We confirmed the Bureau’s suspicions. In one place Lefty knew a couple of the guys involved. Each of the others, he said, looked like they were either mob operations or mob-connected.

“We can’t fuck around with these places, Donnie,” Lefty said, “because they’re already mobbed up.”

To do my job better and to stay alive, I was working at picking these things up. I was adjusting my demeanor and the way I looked at things. So that I could ask the right questions and see the right things, I was learning not only how to act like a wiseguy, but also how to think like a wiseguy. When Lefty and I bounced around to different spots, I began to see the same things he did, pick up things the way he did. Like wiseguys, I was learning not to volunteer that I didn’t know things. Keep your mouth shut and absorb as fast as possible. The key is, you act like you know, so that by the time they find out you didn‘t, you do.

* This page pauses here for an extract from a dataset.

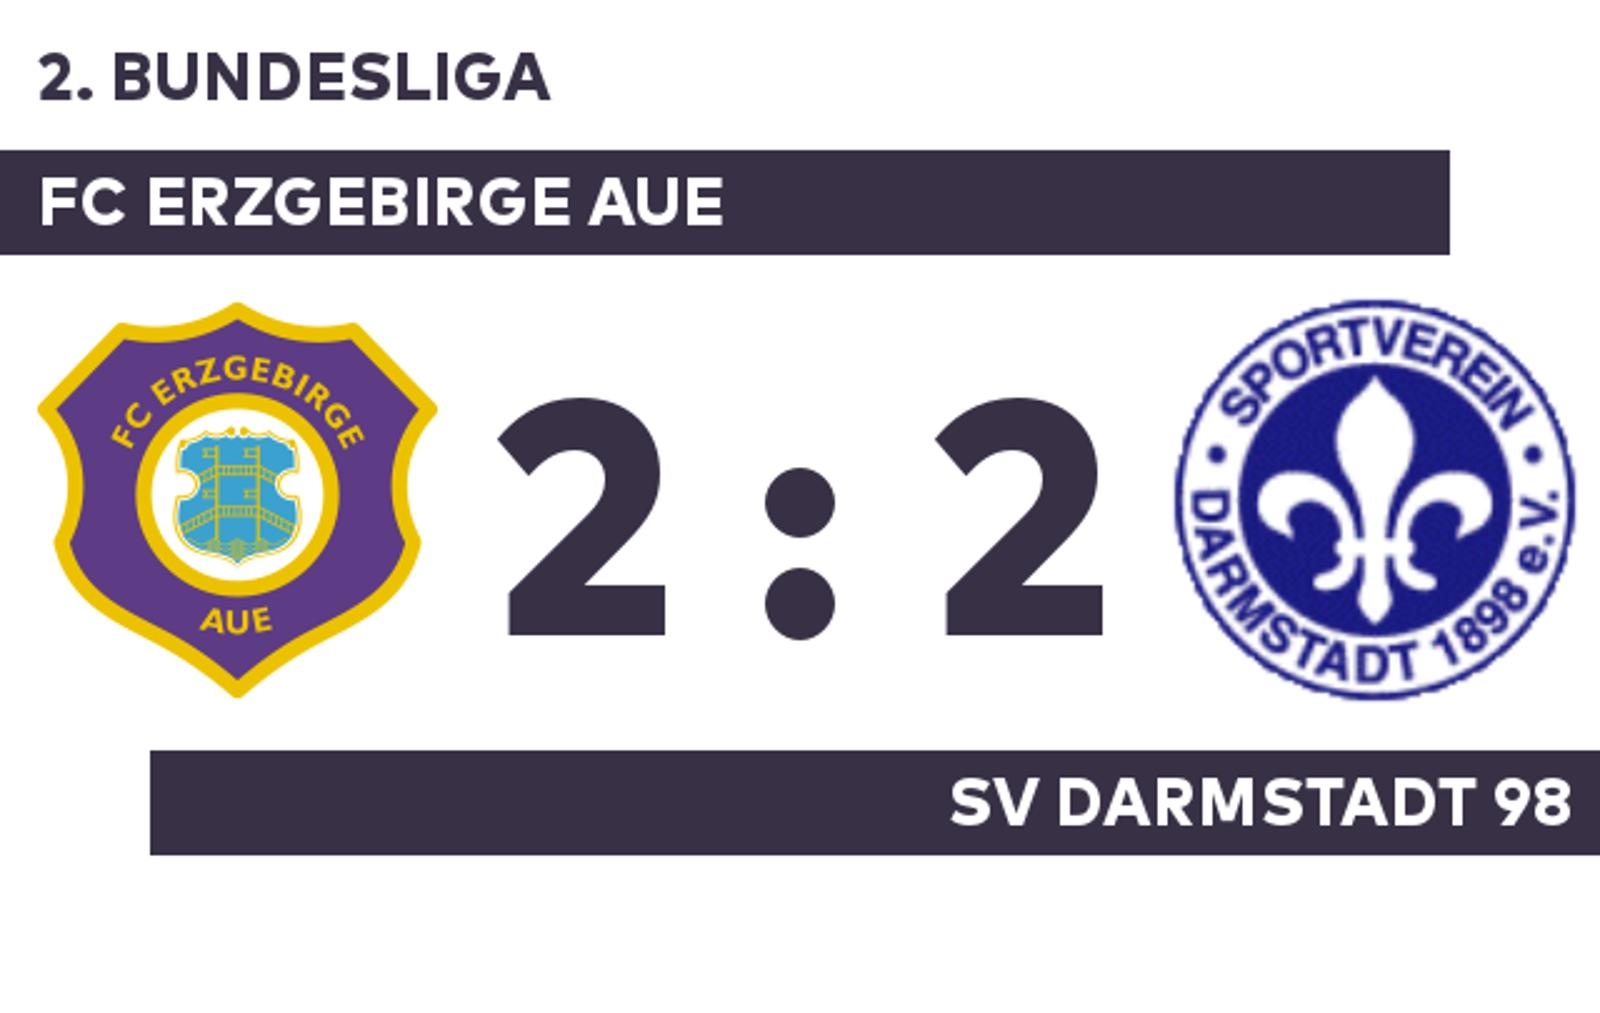 Fc Erzgebirge Aue Sv Darmstadt 98 Sv Darmstadt 98 Wacht Erst

Lefty was the epitome of the wiseguy. He was at it twenty-four hours a day, scheming. On the street, in wiseguy situations, he was savvy and sharp and tough. That’s why he got a lot of respect from wiseguys. But you take him off his turf and you find out he’s just a small-town guy in some ways, unsophisticated about the rest of the world.

One afternoon we’re sitting in the lounge of a hotel, and there is this really nice-looking woman across the room who keeps looking at me.

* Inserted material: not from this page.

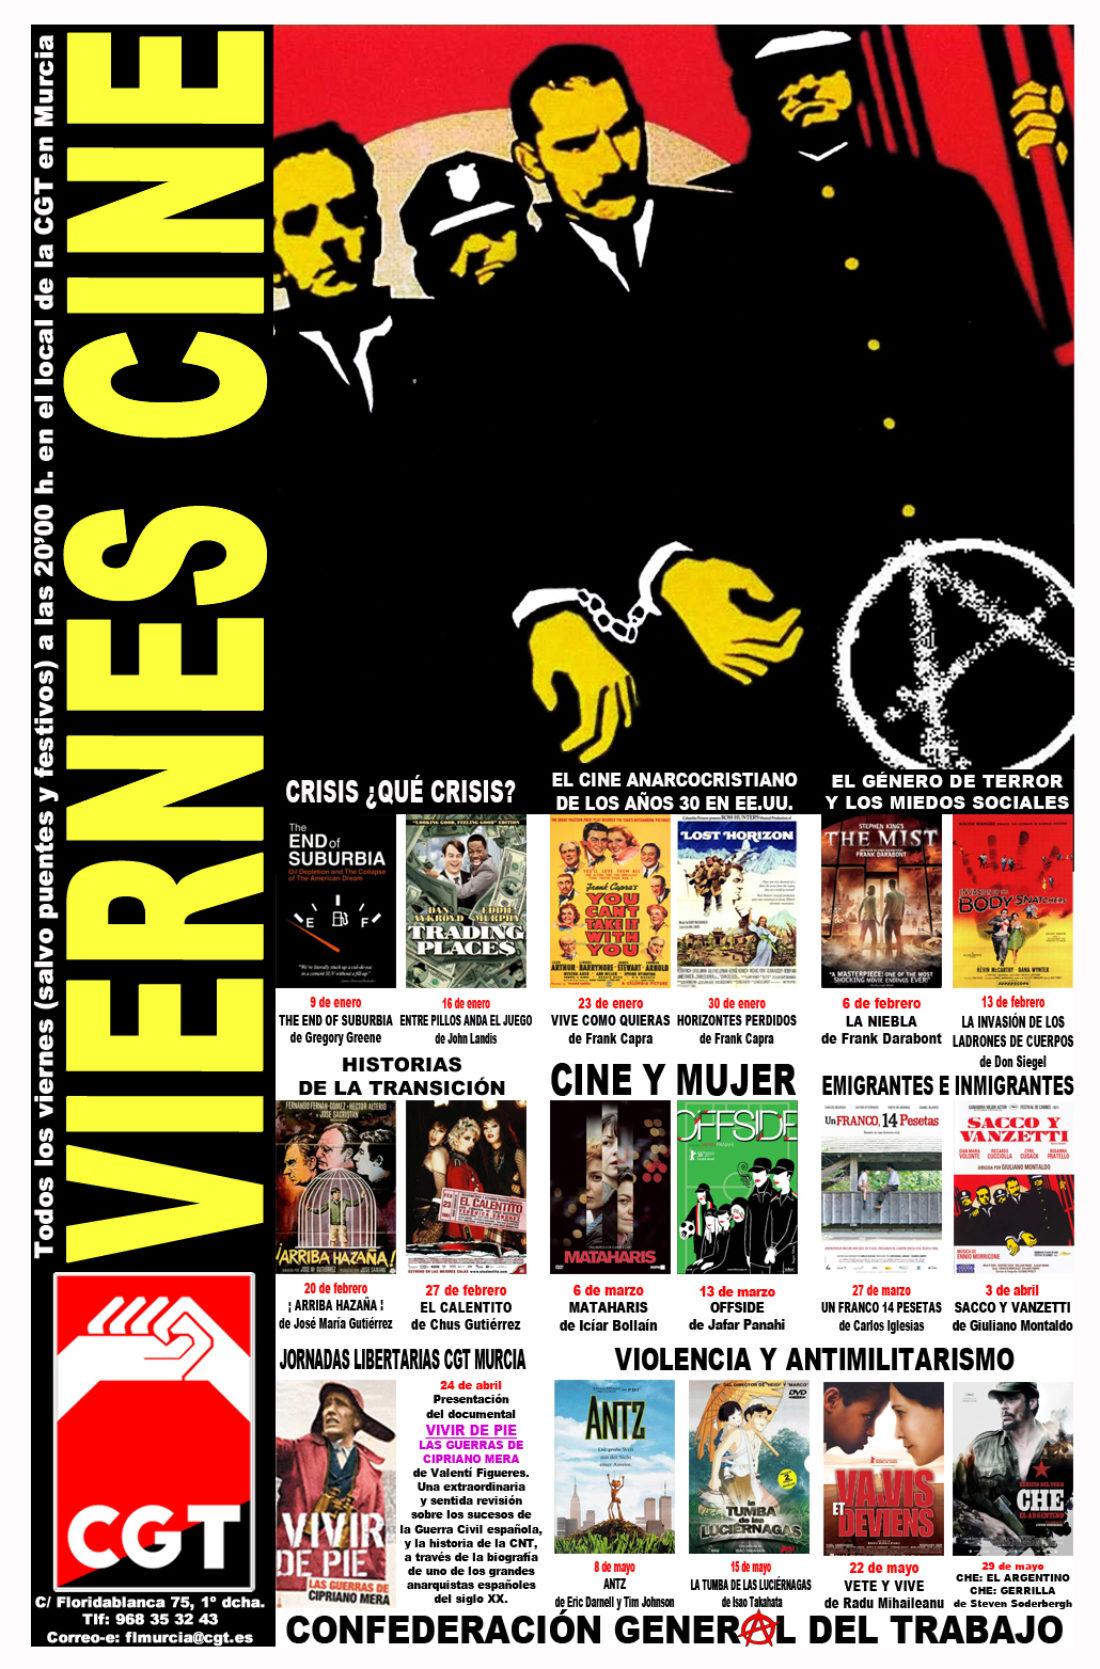 VIERNES CINE. Cartel programación hasta junio y el 9 de enero THE END OF SUBURBE a las 20'00 h. en el local de CGT en Murcia

“That lady can’t take her eyes off you, Donnie,” Lefty says. “Why don’t you invite her over to the table?”

I smile, she smiles. “Lefty, she’s probably a hooker.”

“Naw, Donnie, you’re nuts. She’s too nice. Good clothes. Hookers don’t dress like that.”

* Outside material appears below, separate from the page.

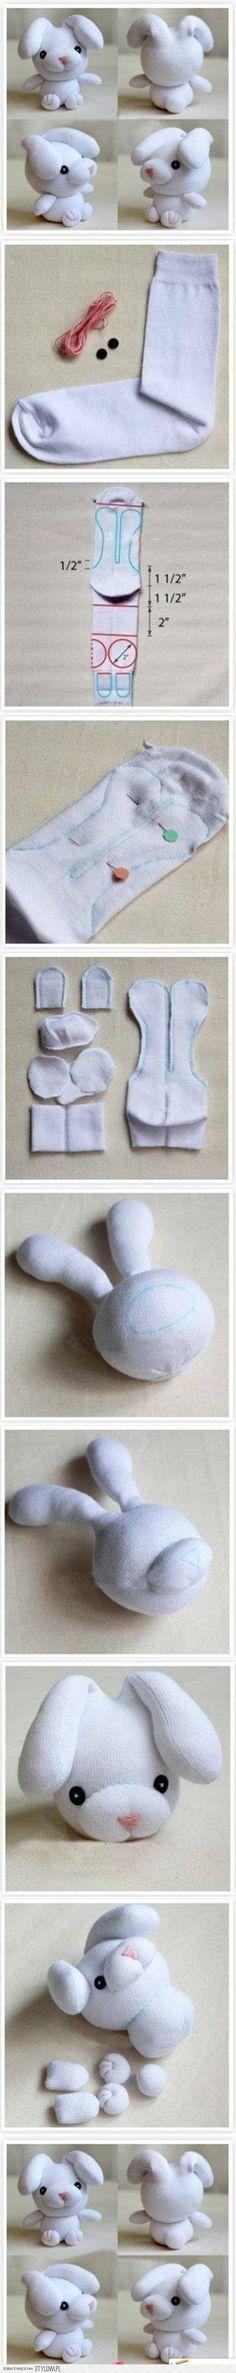 Sympatyczne króliki zrobione ze skarpetek - instrukcja…

“Left, this is California. People dress different.”

“Not hookers. She’s probably a regular business lady. Come on, Donnie, she thinks you’re a good-looking guy, and she’d like to get to know you. Invite her over.”

The only way to stop Lefty when he got onto something was to do what he said. So I ask the waitress to invite the woman to our table. She comes over and sits down. Lefty doesn’t want to be in the way of this sweet flirtation, so right away he says, “Well, I think I’ll go up and take a little nap,” and he leaves.

I chat with the lady, and it doesn’t take five minutes to find out that she is a hooker. I go up to the room and tell Lefty. “I can’t believe it!” he says. “She didn’t have all the makeup or the short skirt or anything. How you supposed to tell?” He laughs. “Hey, Donnie, you got to watch yourself out here. You’ll lose all your New York instincts.”

Although he traveled a lot on mob business, he was used to somebody booking his flights. When he had to join me someplace, he wanted me to book his flights. I found out why one time when he had to book his own flight. He got intimidated and called me. “Donnie, at the airline they wanna know when I’m coming back.”